Selbstverständlich ist eine solcher Hergang in den Partnerschaften, die wir kennen oder in denen wir selber stehen, völlig ausgeschlossen. Aber hier und da, so hört man/frau, soll es so was geben. Das, was hier am kleinen Beispiel aus dem zwischenmenschlichen Privatbereich am deutschen Kultobjekt Auto vorgeführt wurde, gilt aber auch auf anderen Ebenen des Lebens: in der Schule, im Beruf, in der Politik! Nehmen wir den letztgenannten Aspekt, der als Beispiel wiederum auch für die anderen Bereiche steht, um das näher auszuführen.


Um uns nicht gleich in der ganz großen Politik zu verlieren, sei angeraten, mal eine Ratssitzung in einem beliebigen Stadtparlament zu verfolgen.
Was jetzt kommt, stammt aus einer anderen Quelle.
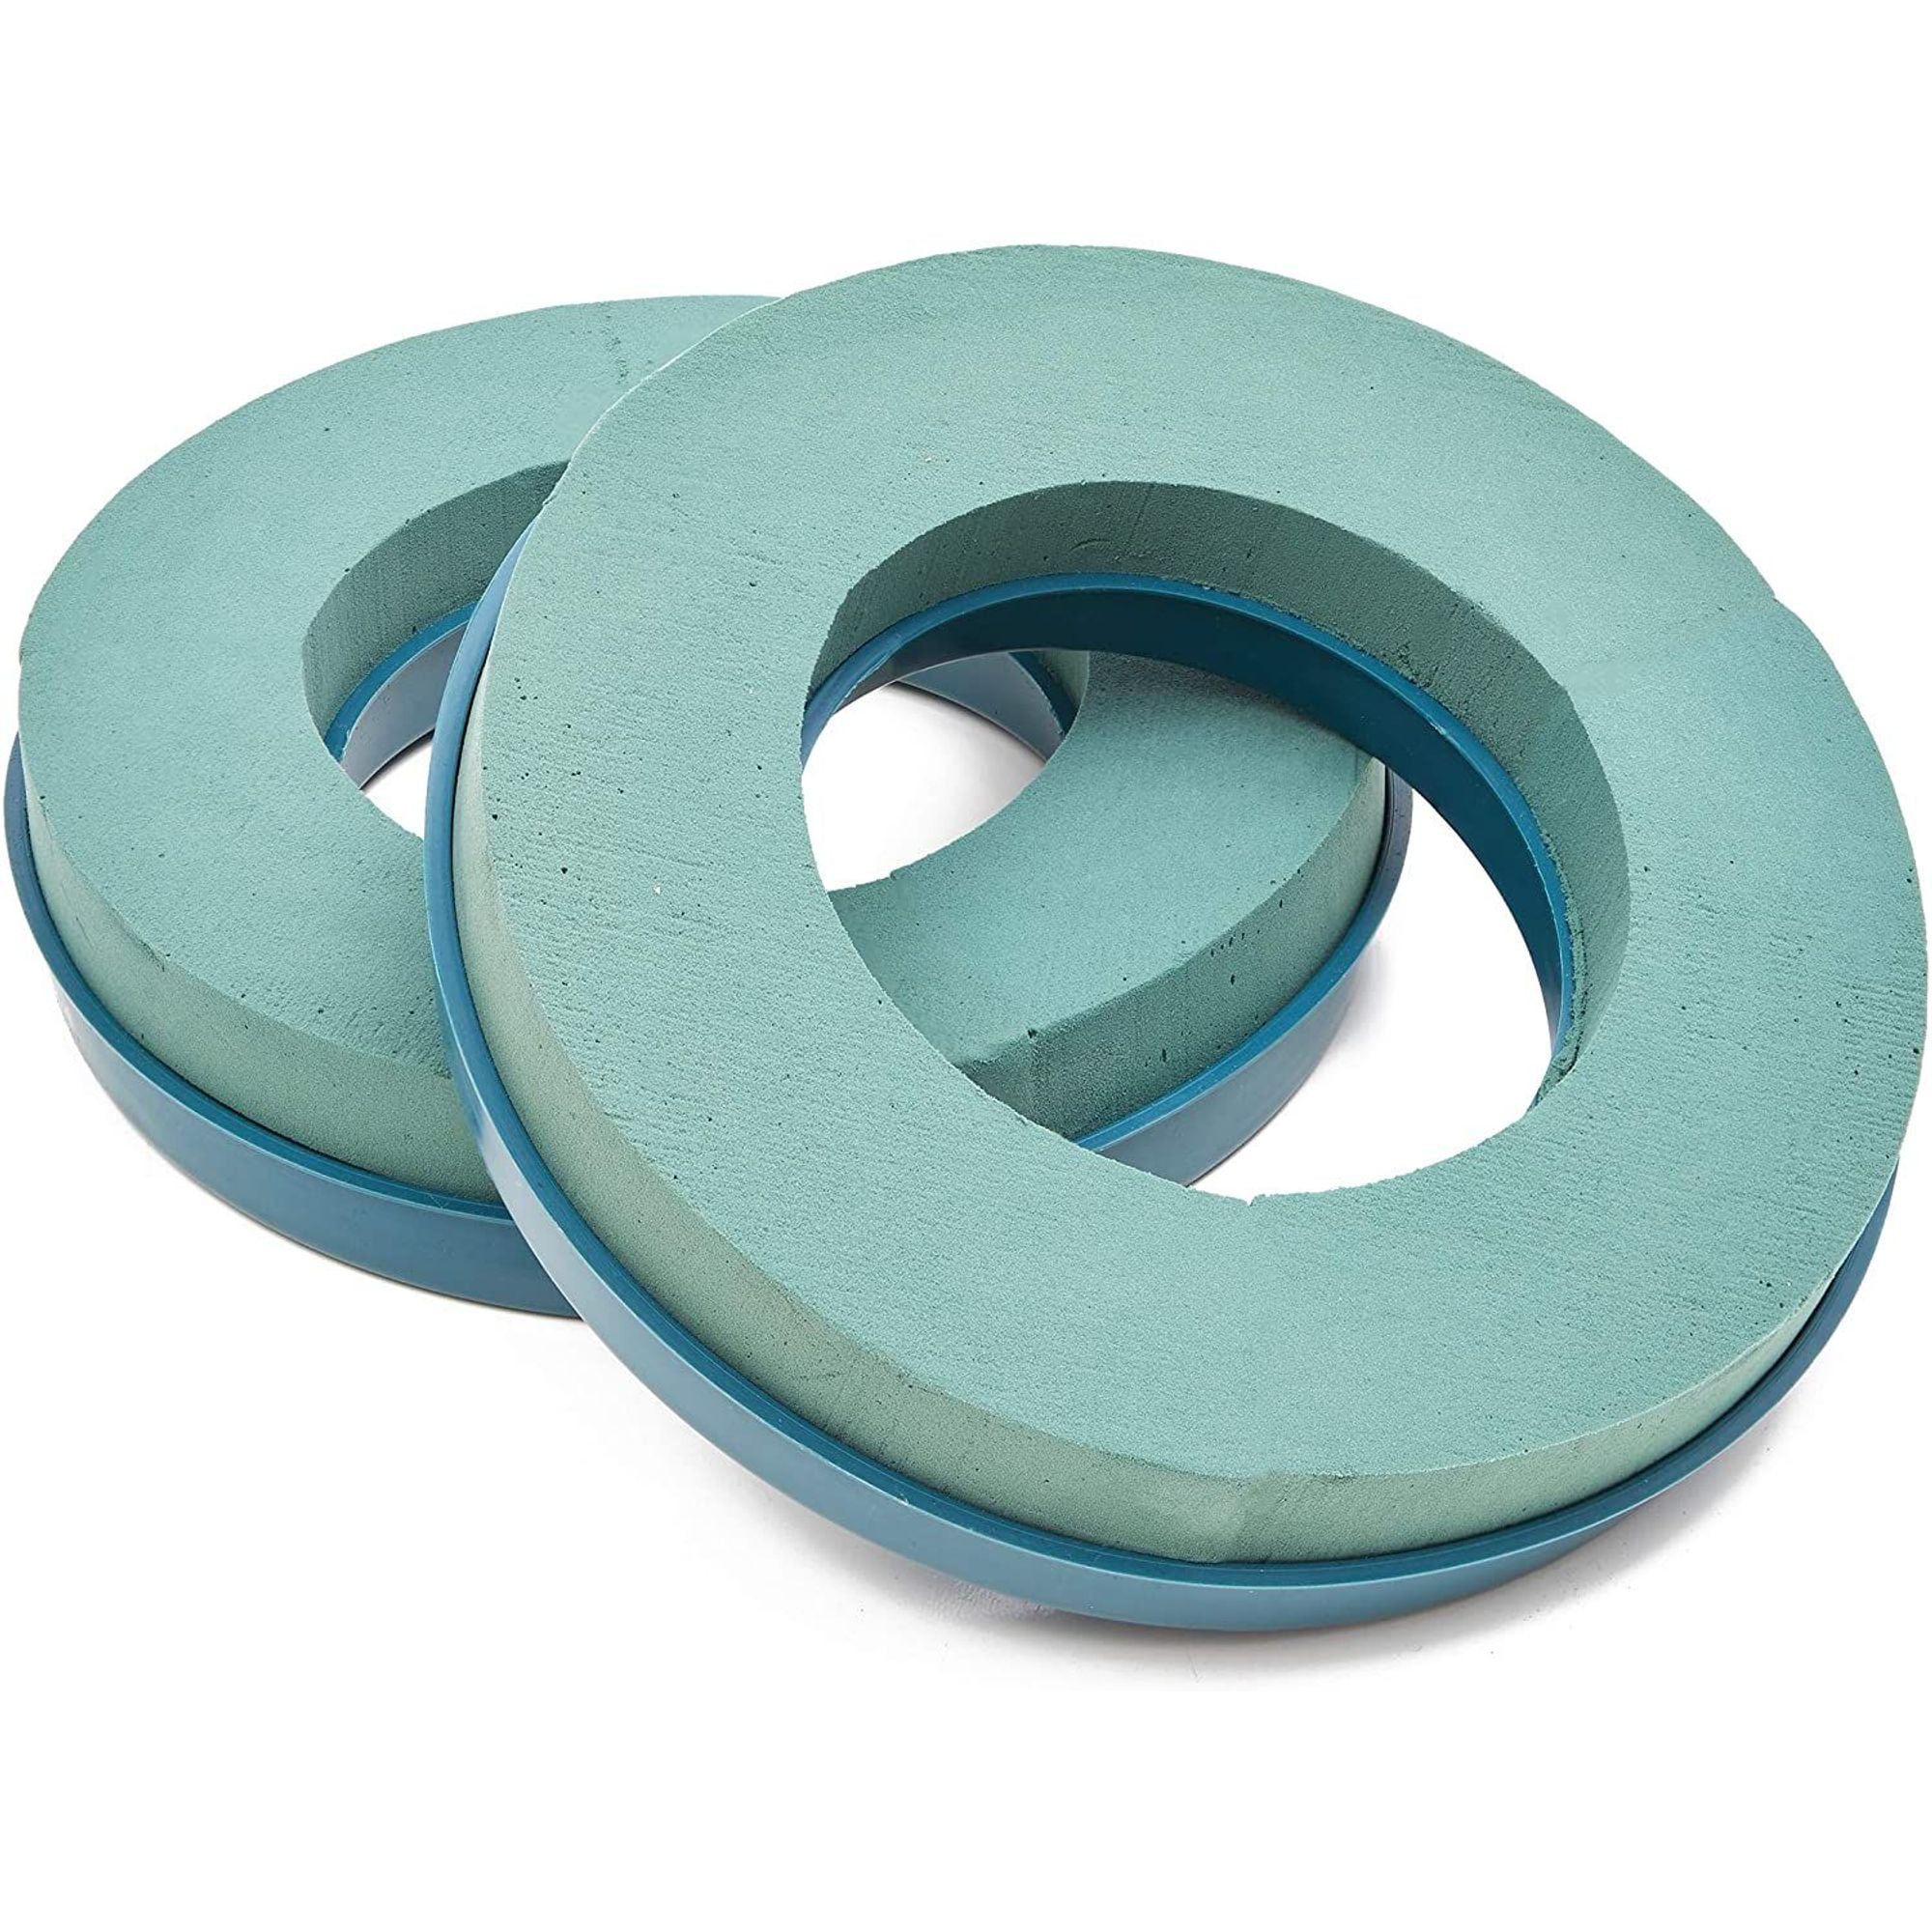 2 Pack Wet Floral Foam with Wreath Ring for Fresh Flower Arragements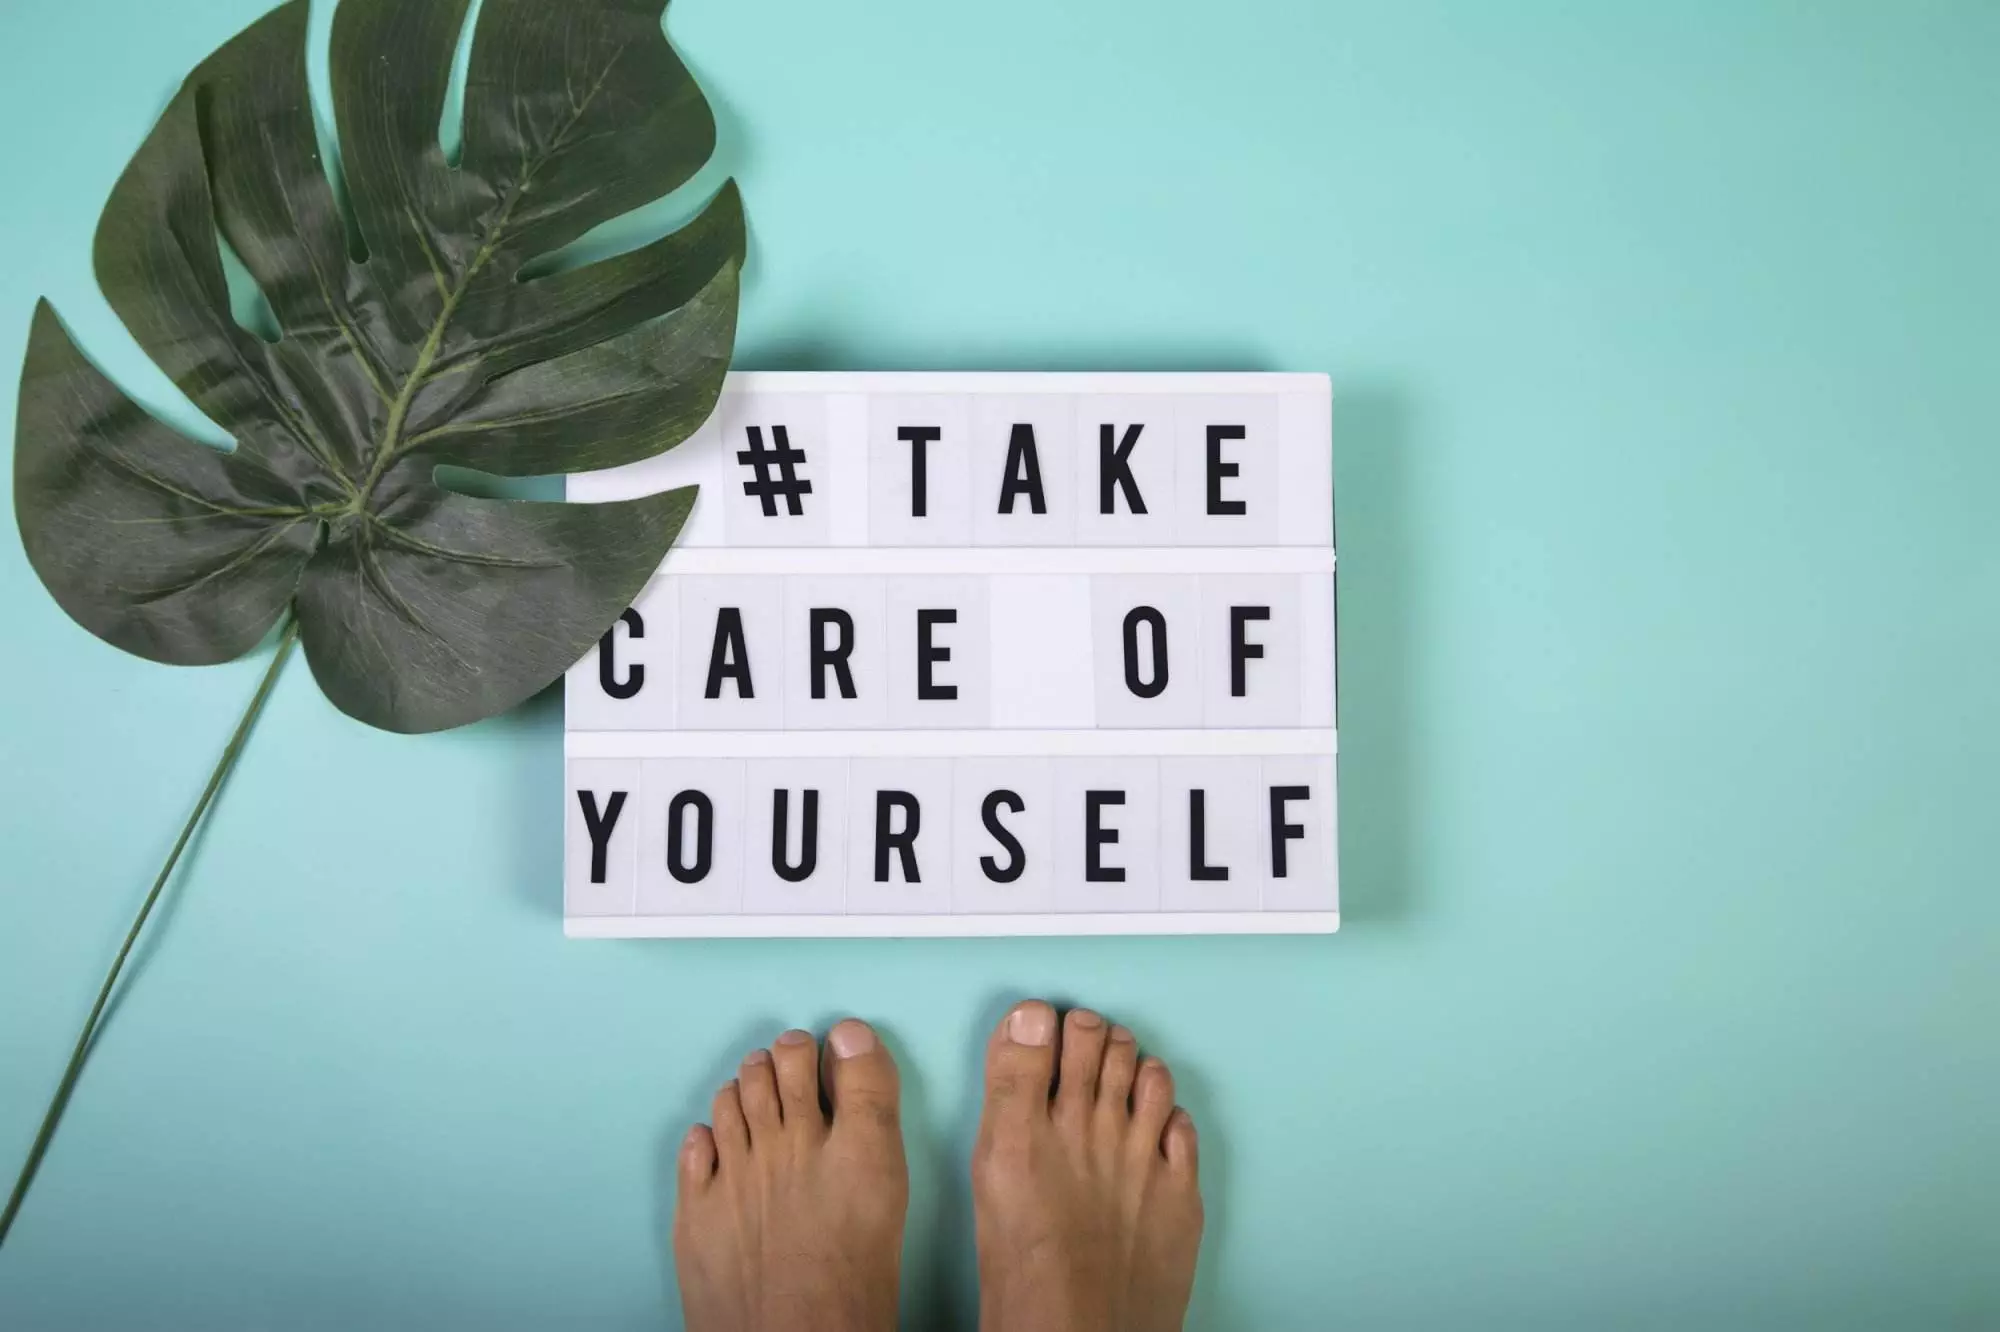 Message of Take care of yourself

Da wird vielleicht ein neues Freibad geplant (es kann aber auch irgendwas anderes sein, ist ja nur ein Beispiel), und es werden die Pläne dazu vorgestellt. Die Opposition hat Bedenken und erhebt Einwände. Nun könnte man meinen, wo die Vernunft regiert, würden Einwände auf ihre Relevanz geprüft, und wo sie ihre Berechtigung hätten, würden Pläne in gemeinschaftlicher Absprache geändert. Das aber geht selbstredend nicht, denn dadurch würde ja die eigene Planungskompetenz implizit kritisiert. Schließlich könnte man denken, die mit der Planung Befassten hätten im Vorfeld nicht ordentlich geplant. Und wo käme man auch schließlich hin, wenn man dem politischen Gegner recht geben müsste. Also hört man sich alles in Ruhe mit bedächtiger, sprich: mit überlegt-vernünftiger Mine an, was der andere zu sagen hat, und wiederholt anschließend in – wenn überhaupt – leicht variierter Form die gleichen Argumente zum Bau des geplanten Bades (oder um was es gerade auch gehen mag) vom Beginn der Sitzung. Man könnte auch so sagen: Man „ignoriert“ einfach das vielleicht Triftige, aber Unliebsame, und indem man sich in Wiederholungsphrasen ergeht, tut man ja auch so, als ob man nach vernünftigem Bedenken leider den Einwand verwerfen müsste. Man erspart sich im Übrigen das anstrengende Nachdenken, den tatsächlichen Sachverhalt erneut zu prüfen, wenn man ihn jemals überhaupt geprüft hat und nicht einfach eine Verwaltungsvorlage akzeptiert und scharf aufpasst, dass man den richtigen Zeitpunkt zum Finger heben nicht verpasst.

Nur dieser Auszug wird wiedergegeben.